The Deeper Significance
This message represents a turning point in the optimization journey. It's the moment when the team recognized that the single-mutex architecture had reached its limits and a more sophisticated concurrency model was needed. The user's proposal was technically sound in principle — splitting locks to increase parallelism is a classic technique. But it collided with the physical reality of GPU hardware: a single CUDA device has global state (memory pools, synchronization domains) that cannot be partitioned.
The subsequent debugging revealed that the two-lock design, as implemented, actually made things worse. The cudaDeviceSynchronize call inside mem_mtx blocked until the worker holding compute_mtx finished its kernels, effectively serializing the two locks and destroying the intended overlap. Meanwhile, the third worker's CPU work competed for DDR5 bandwidth, inflating prep_msm times further.

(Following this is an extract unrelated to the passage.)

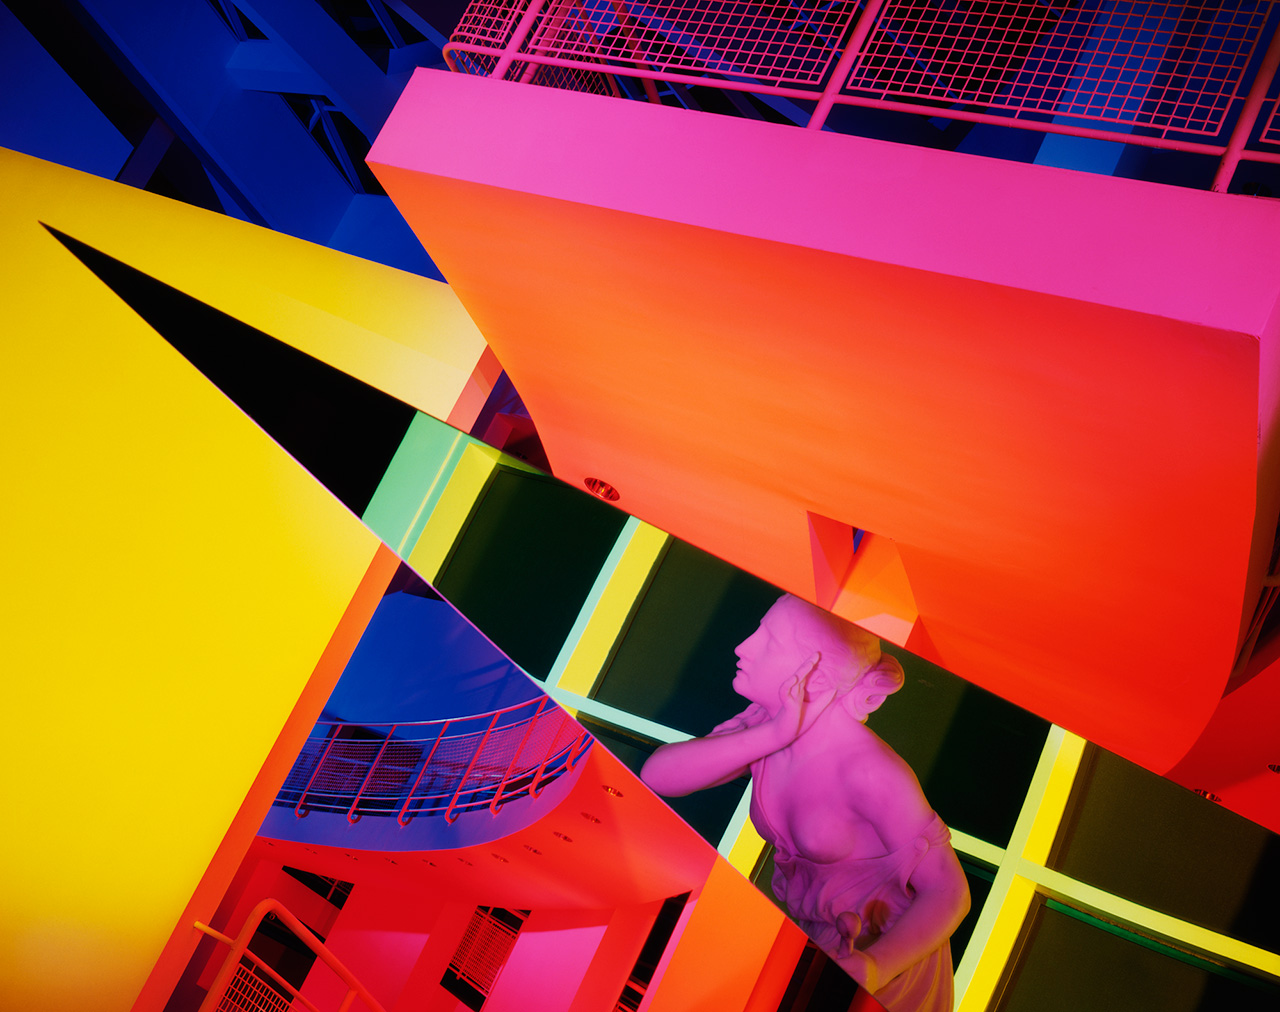 "Barbara Kasten, ""Architectural Site 17, August 29, 1988"" (1988), cibachrome, 60 x 50 in. (location: High Museum of Art, Atlanta, Georgia; architect: Richard Meier) (courtesy of the artist)"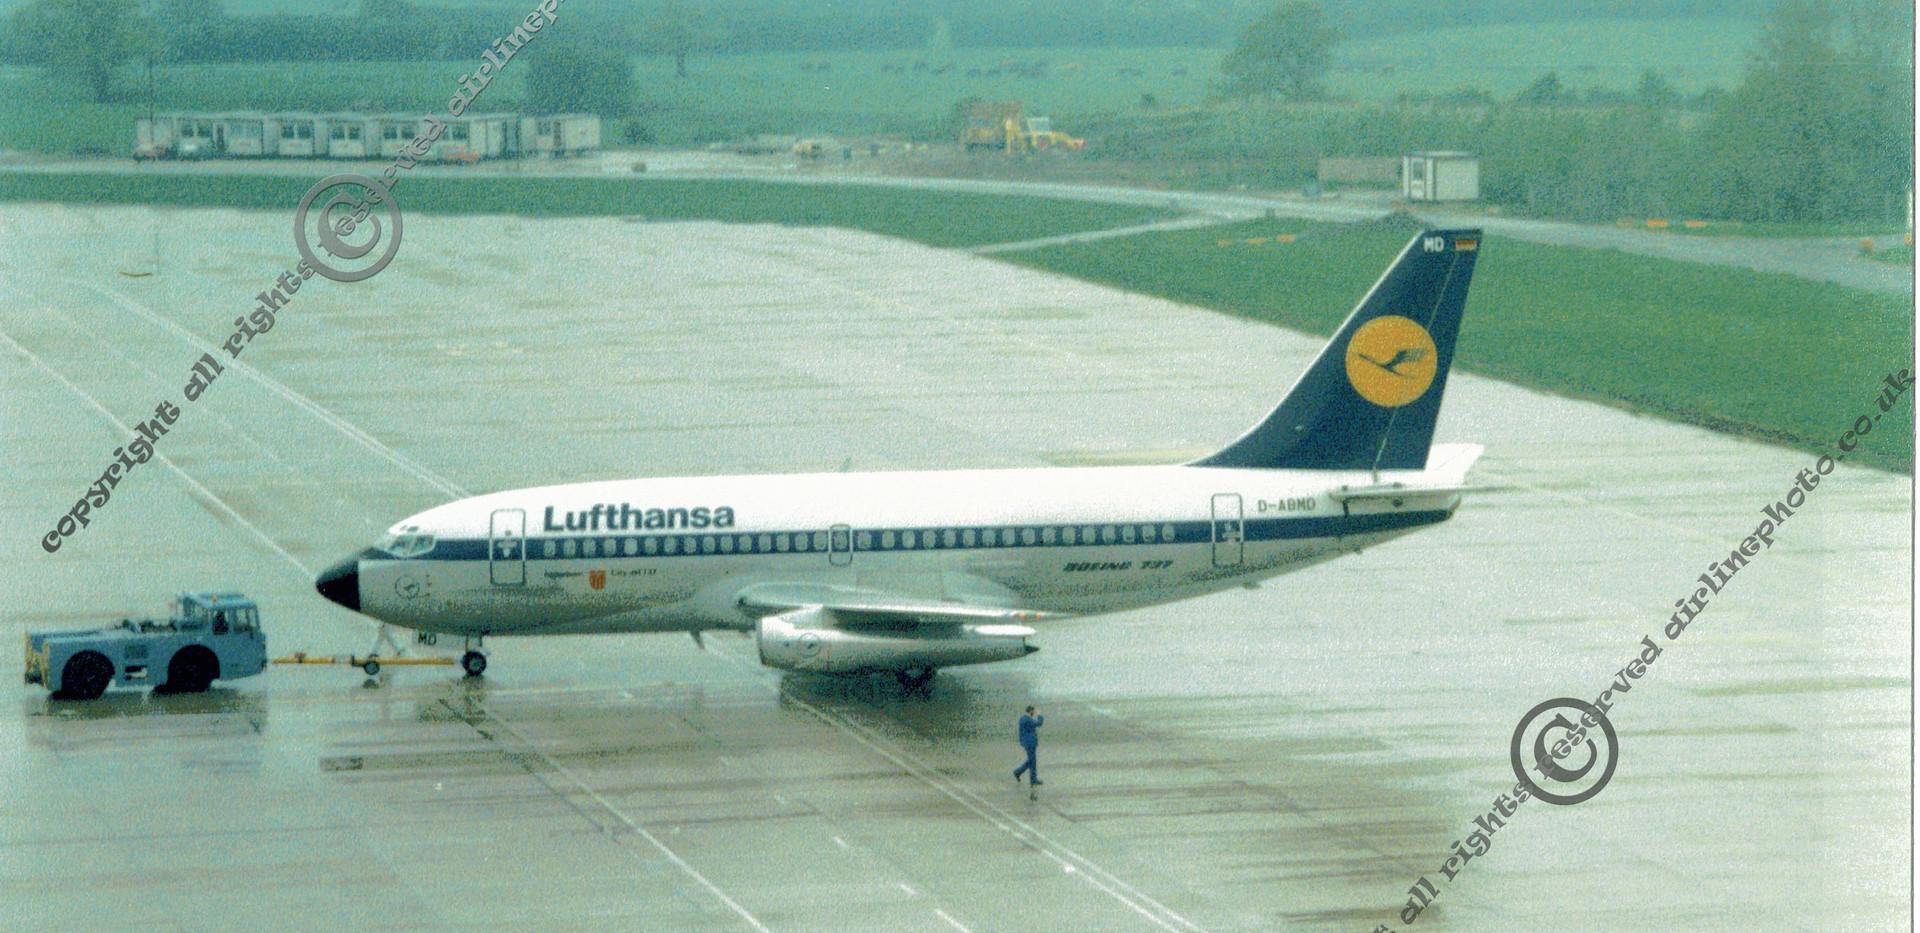 D-AMD_Lufthansa_737_MAN_1986.jpg

This is a beautiful example of how hardware constraints override software abstractions. No amount of careful lock ordering or deadlock prevention can work around the fact that a GPU is a single device with global synchronization domains. The lesson is that on a single GPU, the critical path is fundamentally serial — you can overlap CPU work with GPU work, but you cannot parallelize GPU memory management with GPU compute.
Conclusion
The user's message at index 2569 is deceptively simple — a six-line proposal that appears to be a straightforward extension of existing ideas. But it encapsulates the entire arc of Phase 10: the insight that finer-grained locking could unlock more parallelism, the careful design to avoid deadlocks, the implementation that seemed correct on paper, and the humbling discovery that the GPU hardware itself enforces serialization where the software tried to create parallelism. The message stands as a testament to the gap between theoretical concurrency models and the practical realities of heterogeneous computing systems.